Features proposed for implementation:

  • Null skipping:
    • For ObjectNode properties:
      • WRITE_NULL_PROPERTIES (default: true) -- are null valued fields in ObjectNode written out as JSON or skipped?
    • For ArrayNode elements:
      • READ_NULL_ELEMENTS (default: true) -- are null elements in JSON arrays represented as NullNodes in resulting ArrayNode or skipped?
      • WRITE_NULL_ELEMENTS (default: true) -- are null elements in ArrayNode written out as JSON or skipped?
  • Property sorting (Similar to MapperFeature.SORT_PROPERTIES_ALPHABETICALLY, but for ObjectNodes)
    • SORT_KEYS_ON_READ (default: false) - use TreeMap for ObjectNode when reading
    • SORT_KEYS_ON_WRITE (default: false) - dynamically check for SortedMap, construct intermediate TreeMap
    • Could force use of TreeMap on reads; on writes probably need dynamically determine
  • CONVERT_POJOS_FULLY (default: ?) -- when converting values (mapper.convertValue(), treeToValue()), are opaque values contained in POJONode:
    1. Serialized explicitly by matching serializer (true) -- which will essentially transform it into non-opaque value (like Map, List etc)
    2. Written out as "writePOJO", which in case of TokenBuffer will retain opaque value exactly as is
  • Coercion/Leniency: while 2.12 added "Coercion Config", it does not work well with JsonNode.
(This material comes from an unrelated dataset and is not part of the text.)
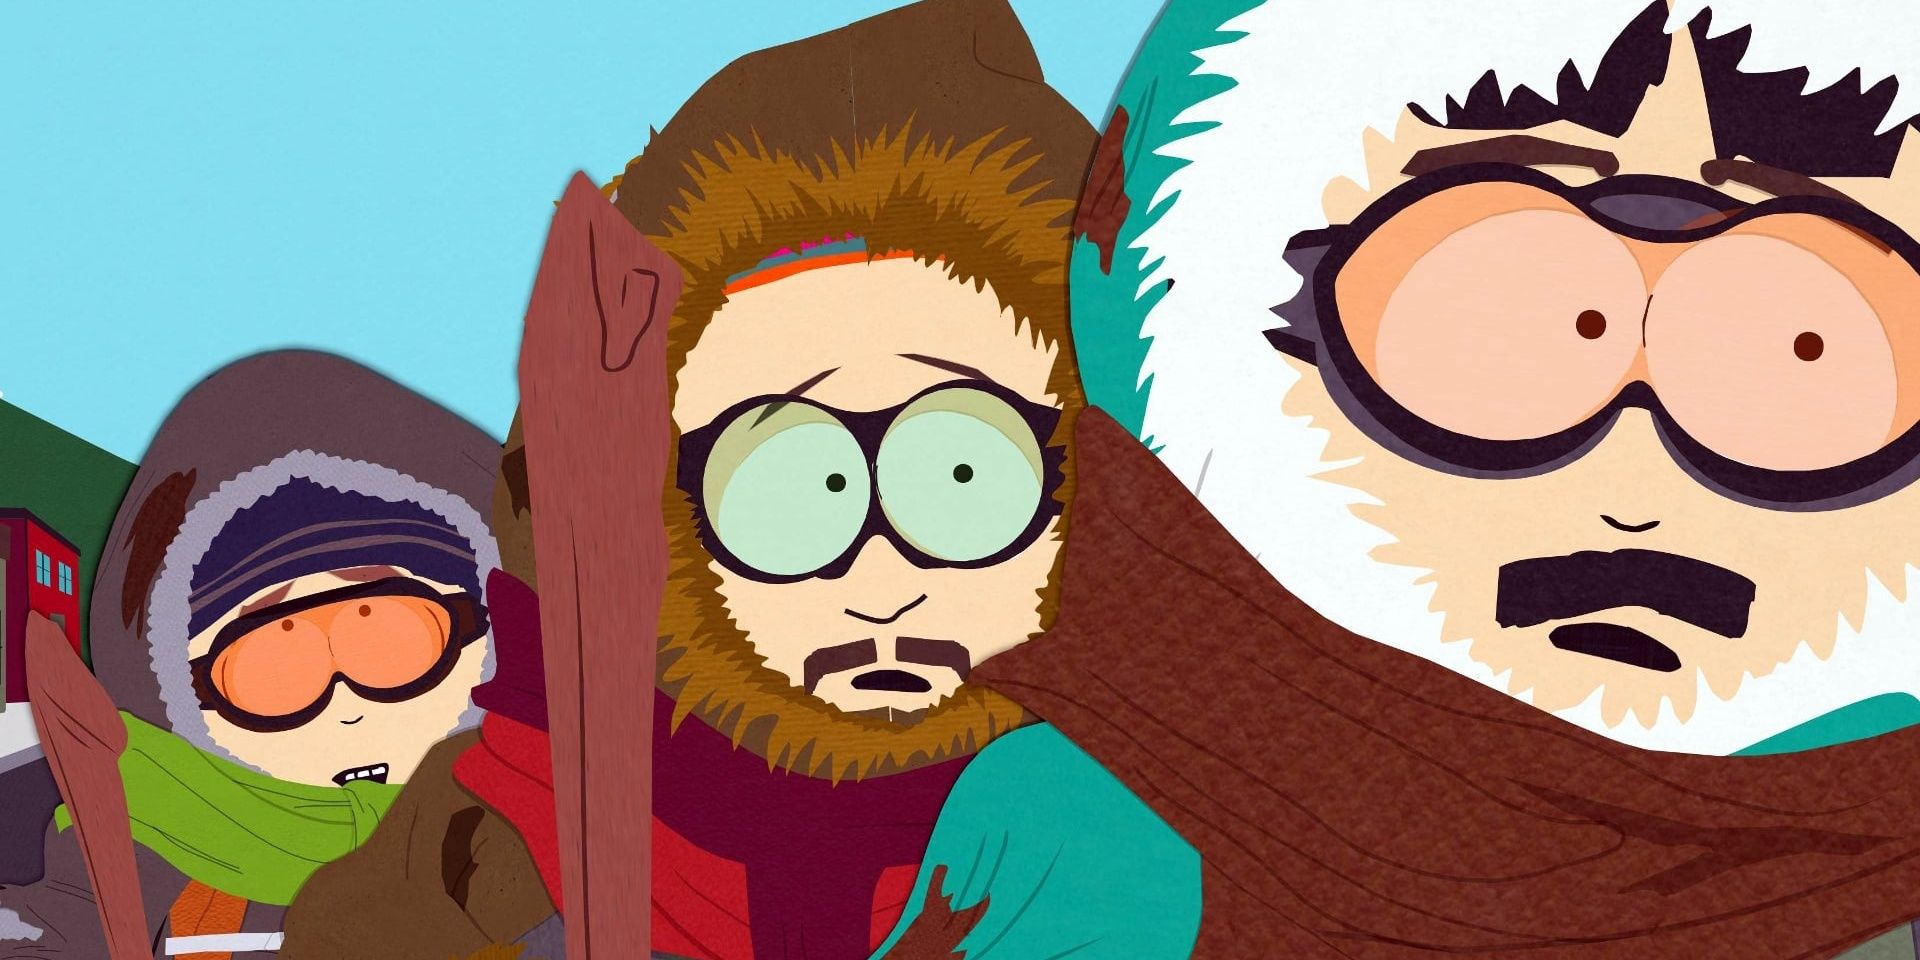 Randy in Two Days Before the Day After Tomorrow, a South Park episode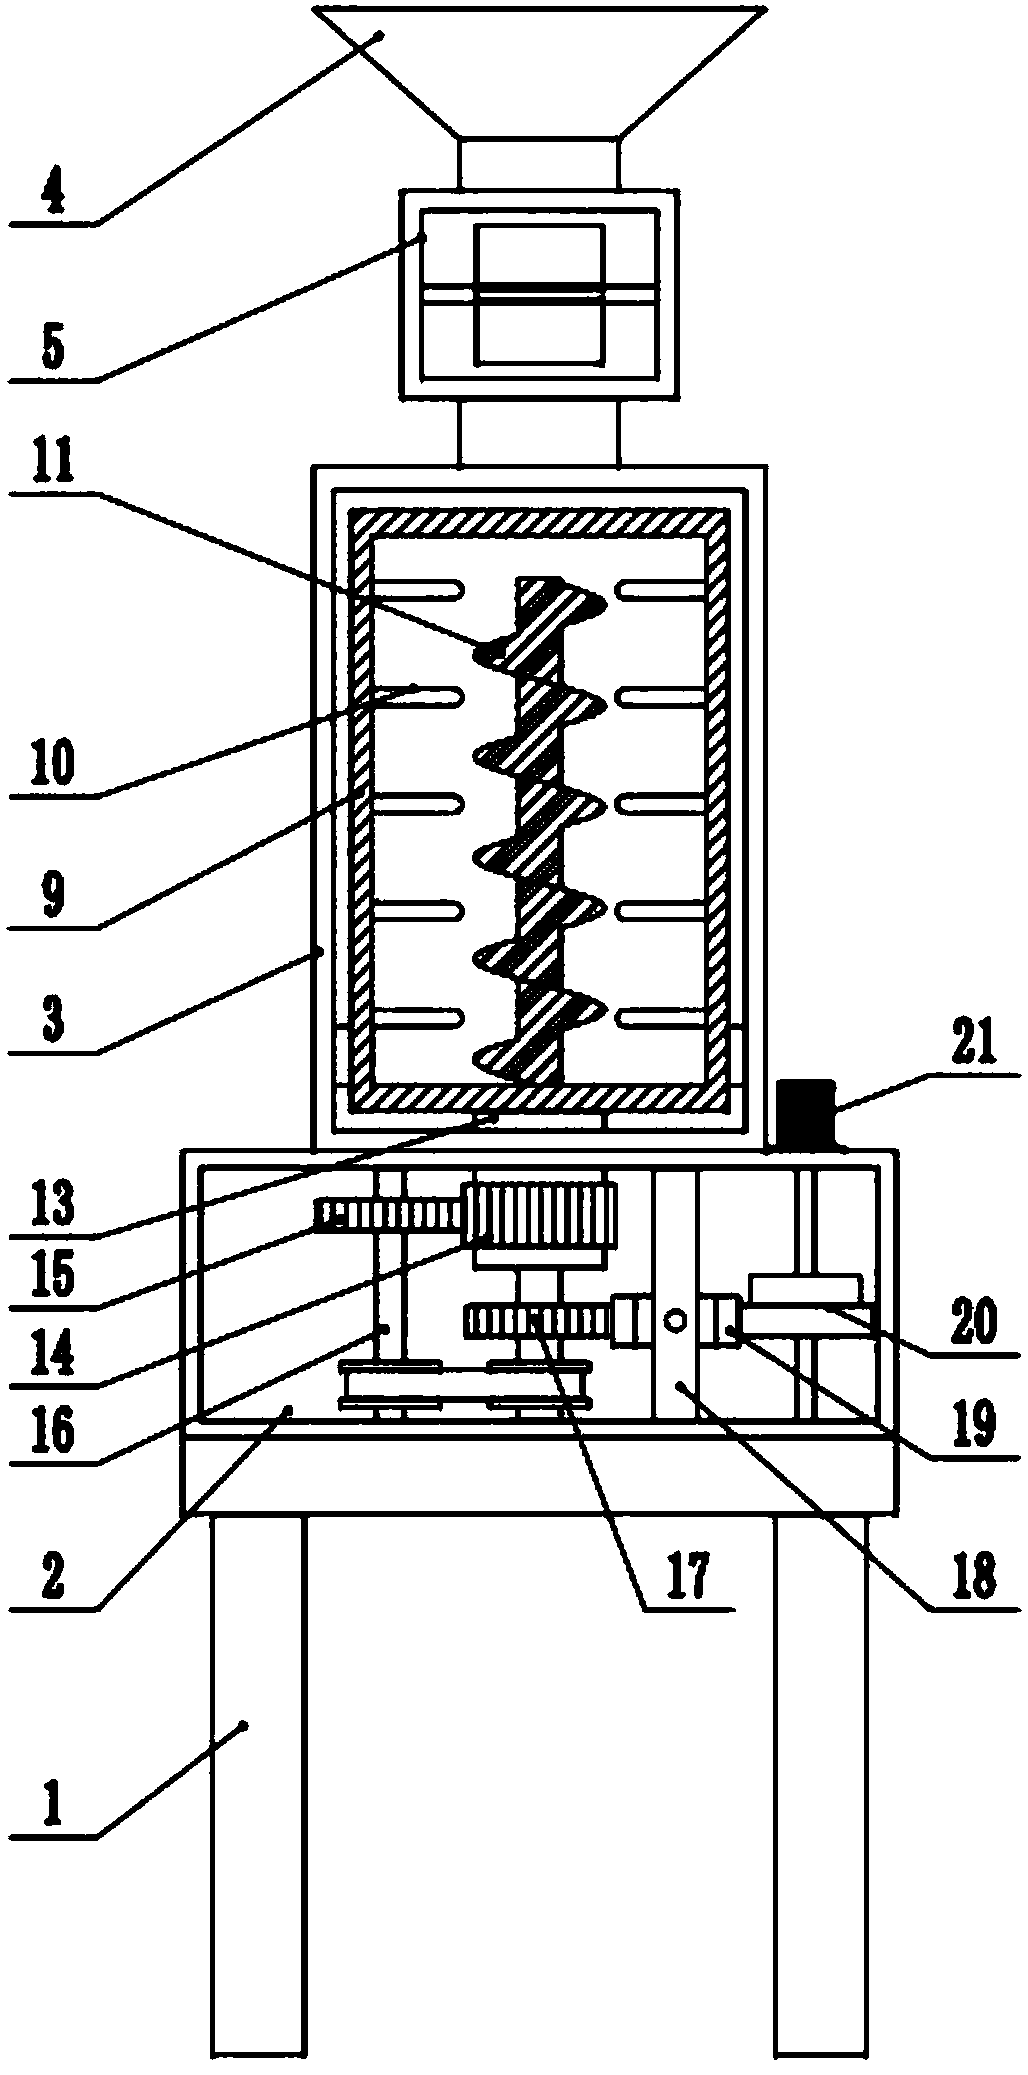 Fodder stirring device based on gear assembly driver

So how about:
    • LENIENT_SCALAR_CONVERSION (default: false?): do we allow more speculative coercion, like boolean from int (zero -> false, otherwise true)
    • or, maybe better yet: ALLOW_LENIENT_NUMBERS, ALLOW_LENIENT_BOOLEANS etc? We can afford granularity
  • Numeric, floating-point/decimal
    • TRIM_DECIMAL_TRAILING_ZEROES (default: true in 2.x; false for 3.x?): do we force dropping of trailing zeroes for BigDecimal valued nodes?
      • Note: hard-coded in JsonNodeFactory currently, should not be
    • Something about forcing use of BigDecimal? There is DeserializationFeature.USE_BIG_DECIMAL_FOR_FLOATS already, but should we have something separate?
  • Merging: instead of relying on configOverrides, allow preventing merging
    • ALLOW_ARRAY_MERGE (default: true)
    • ALLOW_OBJECT_MERGE (default: true)

Feature: DateTimeFeature

The last but no least feature would be something to control default settings for Date/Time types of:

  1. "Classic"/Legacy JDK types -- java.util.Date, java.util.Calendar
  2. Java 8 Date/Time API
  3. Joda Date/Time

Note that JSTEP-5 discusses aspects of Date/Time handling unification and may overlap here.

It seems unlikely that this feature will be added in time for 2.14.